I am still quite happy with my Warthers knives http://www.warthercutlery.com/4-5-steak-knives-in-a-gift-box.html - not the prettiest, but good steel and they do the job nicely.

Stefan


----------



## Chips (Jun 4, 2013)

Just heard back from Harner. Going to give him the business. Looking forward to seeing these!


----------



## apicius9 (Jun 4, 2013)

Chips said:


> Just heard back from Harner. Going to give him the business. Looking forward to seeing these!



I was just looking for the 'Like' button again, this social networking thing can be confusing  Great choice on the knives, glad to see that one of our makers here gets supported. 

Stefan


----------



## Dream Burls (Jun 4, 2013)

Chips said:


> Just heard back from Harner. Going to give him the business. Looking forward to seeing these!


Good choice, the knives are fantastic.


----------



## Justin0505 (Jun 4, 2013)

Chips said:


> Just heard back from Harner. Going to give him the business. Looking forward to seeing these!



When do the custom cutting board plates from boardsmith get ordered?


----------



## mkriggen (Jun 5, 2013)

Uh...am I missing something here? We're talking about steak knives right? Knives that will be used for cutting cooked (properly I assume) steak on a ceramic plate? Why would you do that to a quality knife? Phrased another way, why would you buy a set of quality knives then abuse them that way? :2cents:


----------



## ThEoRy (Jun 5, 2013)

mkriggen said:


> Uh...am I missing something here? We're talking about steak knives right? Knives that will be used for cutting cooked (properly I assume) steak on a ceramic plate? Why would you do that to a quality knife? Phrased another way, why would you buy a set of quality knives then abuse them that way? :2cents:



They will stay sharper longer.

They will cut the food better.

You can simply resharpen them.

They can last lifetimes.


----------



## Crothcipt (Jun 5, 2013)

Also if you don't have to press hard while cutting on plate, you can cut without hitting the hard surface. Highly recommended.


----------



## marc4pt0 (Jun 5, 2013)

Uh, yeah

And great choice on the steak knives!


----------



## stereo.pete (Jun 5, 2013)

Pics or this never happened, when they come in of course.


----------



## Chips (Jun 5, 2013)

Justin0505 said:


> When do the custom cutting board plates from boardsmith get ordered?

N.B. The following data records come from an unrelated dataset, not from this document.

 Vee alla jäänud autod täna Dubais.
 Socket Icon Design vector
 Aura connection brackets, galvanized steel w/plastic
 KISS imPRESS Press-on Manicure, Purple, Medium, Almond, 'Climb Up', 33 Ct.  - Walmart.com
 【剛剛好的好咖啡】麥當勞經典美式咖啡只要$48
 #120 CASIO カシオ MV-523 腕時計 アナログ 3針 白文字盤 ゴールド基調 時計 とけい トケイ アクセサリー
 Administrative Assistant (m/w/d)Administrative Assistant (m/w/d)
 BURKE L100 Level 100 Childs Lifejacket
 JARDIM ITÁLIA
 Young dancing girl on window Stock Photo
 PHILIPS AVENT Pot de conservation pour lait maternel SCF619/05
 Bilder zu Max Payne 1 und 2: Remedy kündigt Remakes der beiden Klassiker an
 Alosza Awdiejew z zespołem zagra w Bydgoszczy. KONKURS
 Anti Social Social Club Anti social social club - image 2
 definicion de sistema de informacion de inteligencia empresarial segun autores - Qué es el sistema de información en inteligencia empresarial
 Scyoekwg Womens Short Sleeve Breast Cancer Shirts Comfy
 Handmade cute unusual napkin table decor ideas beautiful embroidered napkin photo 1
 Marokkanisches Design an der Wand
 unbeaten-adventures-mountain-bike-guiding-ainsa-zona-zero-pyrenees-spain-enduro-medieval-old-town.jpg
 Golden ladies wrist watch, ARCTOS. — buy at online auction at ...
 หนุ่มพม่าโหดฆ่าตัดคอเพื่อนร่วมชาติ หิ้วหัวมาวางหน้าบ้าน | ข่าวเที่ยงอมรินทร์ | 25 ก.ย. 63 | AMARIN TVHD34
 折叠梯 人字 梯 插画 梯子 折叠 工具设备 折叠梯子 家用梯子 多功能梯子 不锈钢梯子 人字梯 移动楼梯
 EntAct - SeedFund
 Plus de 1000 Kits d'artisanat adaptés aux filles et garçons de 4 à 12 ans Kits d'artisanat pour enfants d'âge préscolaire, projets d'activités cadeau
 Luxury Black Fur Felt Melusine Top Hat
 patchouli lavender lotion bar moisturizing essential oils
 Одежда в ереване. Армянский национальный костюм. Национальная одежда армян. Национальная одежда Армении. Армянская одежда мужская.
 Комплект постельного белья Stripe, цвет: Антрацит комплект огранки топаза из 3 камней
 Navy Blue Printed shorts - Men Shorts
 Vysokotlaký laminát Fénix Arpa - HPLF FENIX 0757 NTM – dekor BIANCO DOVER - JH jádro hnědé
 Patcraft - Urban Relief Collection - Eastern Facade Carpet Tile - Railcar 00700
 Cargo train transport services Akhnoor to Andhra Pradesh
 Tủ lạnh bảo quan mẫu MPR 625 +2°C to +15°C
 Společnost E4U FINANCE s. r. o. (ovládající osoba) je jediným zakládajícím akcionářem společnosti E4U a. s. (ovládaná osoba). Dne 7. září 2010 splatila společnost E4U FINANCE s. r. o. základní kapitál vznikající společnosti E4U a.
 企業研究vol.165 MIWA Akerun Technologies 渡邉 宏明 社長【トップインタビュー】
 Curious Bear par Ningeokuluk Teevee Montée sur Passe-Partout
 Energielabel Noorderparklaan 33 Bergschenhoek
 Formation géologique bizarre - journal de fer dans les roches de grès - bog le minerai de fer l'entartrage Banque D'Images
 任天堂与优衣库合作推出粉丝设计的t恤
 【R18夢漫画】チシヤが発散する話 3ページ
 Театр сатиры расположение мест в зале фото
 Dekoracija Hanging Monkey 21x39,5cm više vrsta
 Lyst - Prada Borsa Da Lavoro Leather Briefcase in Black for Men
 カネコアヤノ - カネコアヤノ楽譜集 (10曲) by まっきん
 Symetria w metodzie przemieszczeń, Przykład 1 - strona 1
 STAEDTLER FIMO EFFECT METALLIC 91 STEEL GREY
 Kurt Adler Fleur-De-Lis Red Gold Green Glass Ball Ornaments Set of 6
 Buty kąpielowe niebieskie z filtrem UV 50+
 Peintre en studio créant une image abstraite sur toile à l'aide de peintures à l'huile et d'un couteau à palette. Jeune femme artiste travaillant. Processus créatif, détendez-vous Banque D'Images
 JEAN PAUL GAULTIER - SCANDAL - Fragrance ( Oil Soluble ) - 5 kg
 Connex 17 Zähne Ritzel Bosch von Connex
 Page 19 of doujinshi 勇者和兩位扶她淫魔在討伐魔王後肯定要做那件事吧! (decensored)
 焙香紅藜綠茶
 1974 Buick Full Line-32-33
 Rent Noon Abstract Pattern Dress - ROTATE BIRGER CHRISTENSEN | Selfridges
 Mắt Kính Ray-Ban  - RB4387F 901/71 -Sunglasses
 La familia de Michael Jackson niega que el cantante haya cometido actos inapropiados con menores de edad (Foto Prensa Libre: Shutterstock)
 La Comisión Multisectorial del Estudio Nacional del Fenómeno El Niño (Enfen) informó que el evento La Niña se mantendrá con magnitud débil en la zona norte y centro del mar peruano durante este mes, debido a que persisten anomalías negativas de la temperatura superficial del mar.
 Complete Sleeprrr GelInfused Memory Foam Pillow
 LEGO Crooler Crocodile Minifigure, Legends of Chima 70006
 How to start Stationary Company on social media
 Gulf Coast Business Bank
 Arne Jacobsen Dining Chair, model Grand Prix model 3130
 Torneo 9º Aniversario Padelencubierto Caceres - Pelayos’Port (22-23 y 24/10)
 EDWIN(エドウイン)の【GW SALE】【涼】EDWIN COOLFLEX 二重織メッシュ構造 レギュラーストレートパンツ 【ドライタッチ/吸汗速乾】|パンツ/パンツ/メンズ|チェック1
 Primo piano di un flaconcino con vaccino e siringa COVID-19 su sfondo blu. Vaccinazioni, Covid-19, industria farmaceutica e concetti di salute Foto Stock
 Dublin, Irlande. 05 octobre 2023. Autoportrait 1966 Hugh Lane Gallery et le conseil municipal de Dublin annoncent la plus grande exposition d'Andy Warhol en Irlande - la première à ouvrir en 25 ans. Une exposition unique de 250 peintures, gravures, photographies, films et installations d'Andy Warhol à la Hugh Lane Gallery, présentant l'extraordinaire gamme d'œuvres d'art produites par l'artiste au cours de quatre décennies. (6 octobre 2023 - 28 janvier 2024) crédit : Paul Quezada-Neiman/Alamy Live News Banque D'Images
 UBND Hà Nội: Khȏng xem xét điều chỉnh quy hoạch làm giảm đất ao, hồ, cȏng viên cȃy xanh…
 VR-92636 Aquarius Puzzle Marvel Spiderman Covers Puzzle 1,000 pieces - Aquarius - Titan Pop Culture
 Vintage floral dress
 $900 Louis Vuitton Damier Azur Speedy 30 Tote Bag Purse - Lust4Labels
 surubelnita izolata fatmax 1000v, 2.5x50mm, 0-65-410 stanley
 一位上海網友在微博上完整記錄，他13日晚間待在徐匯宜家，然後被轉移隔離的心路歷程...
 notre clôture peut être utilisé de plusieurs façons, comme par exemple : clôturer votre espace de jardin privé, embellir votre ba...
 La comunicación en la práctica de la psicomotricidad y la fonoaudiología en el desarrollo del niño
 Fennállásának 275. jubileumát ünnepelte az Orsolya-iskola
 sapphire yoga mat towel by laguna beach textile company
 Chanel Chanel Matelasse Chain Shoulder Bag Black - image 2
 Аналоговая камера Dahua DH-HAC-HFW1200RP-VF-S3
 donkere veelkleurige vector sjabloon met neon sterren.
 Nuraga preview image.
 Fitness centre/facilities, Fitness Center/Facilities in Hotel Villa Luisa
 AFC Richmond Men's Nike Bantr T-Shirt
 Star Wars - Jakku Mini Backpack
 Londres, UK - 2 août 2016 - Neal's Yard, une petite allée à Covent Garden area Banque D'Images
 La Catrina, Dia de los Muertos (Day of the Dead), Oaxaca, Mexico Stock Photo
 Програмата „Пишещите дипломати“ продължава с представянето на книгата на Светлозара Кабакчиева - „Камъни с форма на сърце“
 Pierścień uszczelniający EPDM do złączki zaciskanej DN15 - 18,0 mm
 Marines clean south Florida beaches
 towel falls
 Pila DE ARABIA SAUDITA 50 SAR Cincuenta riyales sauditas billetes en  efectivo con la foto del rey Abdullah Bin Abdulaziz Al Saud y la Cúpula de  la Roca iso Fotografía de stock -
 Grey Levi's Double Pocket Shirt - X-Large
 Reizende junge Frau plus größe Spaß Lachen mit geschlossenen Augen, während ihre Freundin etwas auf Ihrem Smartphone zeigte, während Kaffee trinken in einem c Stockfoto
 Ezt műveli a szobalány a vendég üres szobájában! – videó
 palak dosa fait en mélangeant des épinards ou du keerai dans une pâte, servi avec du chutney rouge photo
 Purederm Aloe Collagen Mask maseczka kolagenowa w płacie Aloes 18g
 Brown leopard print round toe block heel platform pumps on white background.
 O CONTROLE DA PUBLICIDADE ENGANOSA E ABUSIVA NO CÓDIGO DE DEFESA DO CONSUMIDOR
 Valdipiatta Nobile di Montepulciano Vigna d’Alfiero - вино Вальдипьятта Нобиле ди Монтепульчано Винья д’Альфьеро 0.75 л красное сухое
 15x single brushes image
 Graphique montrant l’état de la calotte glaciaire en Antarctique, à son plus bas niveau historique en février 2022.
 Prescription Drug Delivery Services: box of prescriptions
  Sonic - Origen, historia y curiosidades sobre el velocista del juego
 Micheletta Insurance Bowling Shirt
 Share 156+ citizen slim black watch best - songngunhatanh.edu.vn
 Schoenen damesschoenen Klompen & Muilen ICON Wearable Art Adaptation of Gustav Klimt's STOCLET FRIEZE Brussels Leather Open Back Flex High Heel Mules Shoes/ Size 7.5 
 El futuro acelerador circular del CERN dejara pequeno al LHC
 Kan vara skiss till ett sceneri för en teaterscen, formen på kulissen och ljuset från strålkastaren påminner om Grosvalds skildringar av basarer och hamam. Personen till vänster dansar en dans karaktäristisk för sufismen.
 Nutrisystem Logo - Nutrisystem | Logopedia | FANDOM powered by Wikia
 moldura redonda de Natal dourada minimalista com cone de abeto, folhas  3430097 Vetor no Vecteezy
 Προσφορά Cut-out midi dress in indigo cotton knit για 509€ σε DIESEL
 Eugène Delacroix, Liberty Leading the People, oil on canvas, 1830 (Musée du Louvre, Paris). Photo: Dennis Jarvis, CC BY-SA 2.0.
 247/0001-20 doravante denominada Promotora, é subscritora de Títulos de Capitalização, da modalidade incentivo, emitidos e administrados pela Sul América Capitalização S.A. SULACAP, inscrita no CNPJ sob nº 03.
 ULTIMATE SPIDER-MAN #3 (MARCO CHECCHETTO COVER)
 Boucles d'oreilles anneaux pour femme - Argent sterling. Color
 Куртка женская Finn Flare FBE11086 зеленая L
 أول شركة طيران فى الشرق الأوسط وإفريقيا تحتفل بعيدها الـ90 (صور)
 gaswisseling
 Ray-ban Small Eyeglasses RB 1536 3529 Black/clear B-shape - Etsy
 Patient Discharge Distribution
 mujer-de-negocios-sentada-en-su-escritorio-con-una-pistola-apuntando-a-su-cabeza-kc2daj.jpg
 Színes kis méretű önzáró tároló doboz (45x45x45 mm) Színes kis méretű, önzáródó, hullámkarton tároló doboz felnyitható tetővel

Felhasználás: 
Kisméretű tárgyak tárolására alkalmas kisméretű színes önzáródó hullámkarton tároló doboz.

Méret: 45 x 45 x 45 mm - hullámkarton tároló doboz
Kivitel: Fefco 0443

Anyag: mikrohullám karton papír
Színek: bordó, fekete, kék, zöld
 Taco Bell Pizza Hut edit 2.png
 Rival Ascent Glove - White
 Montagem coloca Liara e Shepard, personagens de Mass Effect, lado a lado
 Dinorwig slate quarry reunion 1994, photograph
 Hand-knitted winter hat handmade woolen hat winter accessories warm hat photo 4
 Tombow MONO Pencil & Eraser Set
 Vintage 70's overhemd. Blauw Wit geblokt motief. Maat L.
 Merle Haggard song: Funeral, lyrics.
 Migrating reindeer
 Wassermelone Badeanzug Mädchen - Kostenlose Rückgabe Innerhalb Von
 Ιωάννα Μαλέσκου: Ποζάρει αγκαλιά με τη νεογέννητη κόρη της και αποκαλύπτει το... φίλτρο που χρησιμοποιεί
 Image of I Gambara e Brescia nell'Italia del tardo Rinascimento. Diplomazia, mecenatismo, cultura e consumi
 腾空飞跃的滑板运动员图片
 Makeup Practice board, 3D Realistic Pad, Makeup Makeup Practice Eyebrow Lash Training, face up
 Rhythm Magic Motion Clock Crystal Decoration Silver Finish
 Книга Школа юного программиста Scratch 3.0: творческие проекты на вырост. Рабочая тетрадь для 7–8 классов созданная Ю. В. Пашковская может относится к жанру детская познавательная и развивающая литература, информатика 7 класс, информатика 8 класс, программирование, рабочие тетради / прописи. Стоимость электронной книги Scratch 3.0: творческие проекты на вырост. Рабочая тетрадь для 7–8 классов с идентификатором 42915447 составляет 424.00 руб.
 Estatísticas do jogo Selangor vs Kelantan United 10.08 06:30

Already happened! Boardsmith's largest mahogany board arrived about 2 months ago. I was one of the few that must have been stuck in waiting period purgatory. I think it took somewhere near 4 months for my board to arrive. I absolutely love it. 

I'll definitely share pics of the knives. Looks like to play it safe, at least 8 weeks lead time.


----------



## Chips (Jun 5, 2013)

Oops, just read the comment more carefully. Didn't know he made some kind of cutting board "plate", but I'll pass.


----------



## Chips (Jul 19, 2013)

Well I guess the thread is due an update, but nothing drool inducing, since they aren't done yet, but are about halfway there. On another note, I did just happen to see these, which look pretty cool too. Very utilitarian, cheaper, but still look nice.

https://schmidtbrotherscutlery.com/knives/forge


----------



## Chips (Aug 12, 2013)

Just arrived today. They are beautiful and I love the feel and the balance of them. Here's a shot he took of them.


----------



## bikehunter (Aug 12, 2013)

They look well worth the wait!


----------



## WildBoar (Aug 12, 2013)

Beautiful! Butch's steak knives do not disappoint. Great photo, too.


----------